I quote that because in the scheme's financial provisions—for which the Lord Chancellor's Department has been pressing—there is mention of a contribution from the Welsh Assembly government funding, through the Revenue Support Grant, of 6.3 million. That is not part of the devolution arrangements. Has the Lord Chancellor had discussions with the Welsh Assembly on that matter? Is it being asked to contribute money to a scheme for providing courts?

Later on, under the heading "The Regional Dimension", the paper states:

    "The exact method of funding from LCD still has to be finalised including the arrangements and involvement of the Welsh Assembly Government. The Assembly need to be part of the decision making process".

I know that the Lord Chancellor has not had notice that I was going to raise this point, but that illustrates the fact that in my area—I just deal with Powys—all the courts will have to be closed. They do not satisfy modern requirements. Therefore, new provision must be made. We are a rural, but not rich, area. How will that be funded? We are pressed by the Lord Chancellor's Department to go down the PPP course. That is how this document has come into being. What happened is that Gwent—which is a very different and much more populous area—had already, again in consultation with the Lord Chancellor's Department, instructed project managers, legal, financial and technical advisers to provide such a scheme. Then Powys and Dyfed, which are linked for magisterial purposes, piggy-backed on to the Gwent scheme at the suggestion of the Lord Chancellor's Department.
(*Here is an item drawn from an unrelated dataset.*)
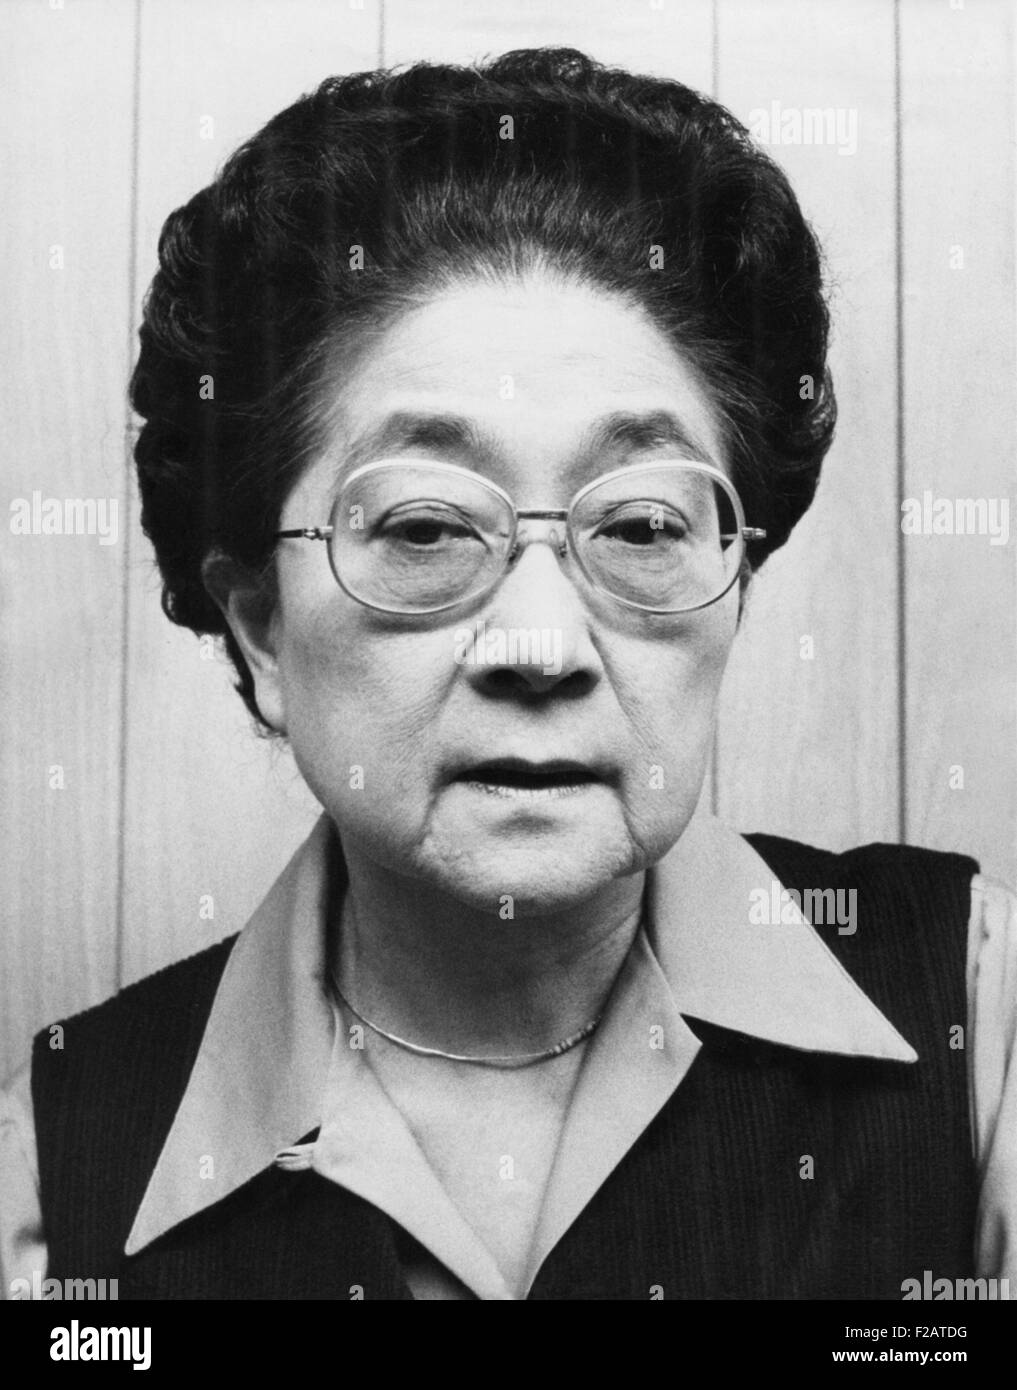 IVA Toguri D'Aquino im Jahre 1976, als japanisch-amerikanische Gruppe ihre Begnadigung gesucht. Sie wurde im Jahr 1949 wegen Hochverrats verurteilt. Stockfoto

Therefore, we have this courts scheme document. It gives an indication of how the Lord Chancellor's Department is likely to act if the general thrust of the Bill is passed. I said that the Chancellor of the Exchequer's shadow is over the Bill. Is he insisting that there should be private partnership arrangements? The failure of the Lord Chancellor's Department in that event is the failure of the Lord Chancellor to persuade his colleague, the Chancellor of the Exchequer, to provide the money that is so badly needed to provide us with decent courts in country areas such as my own.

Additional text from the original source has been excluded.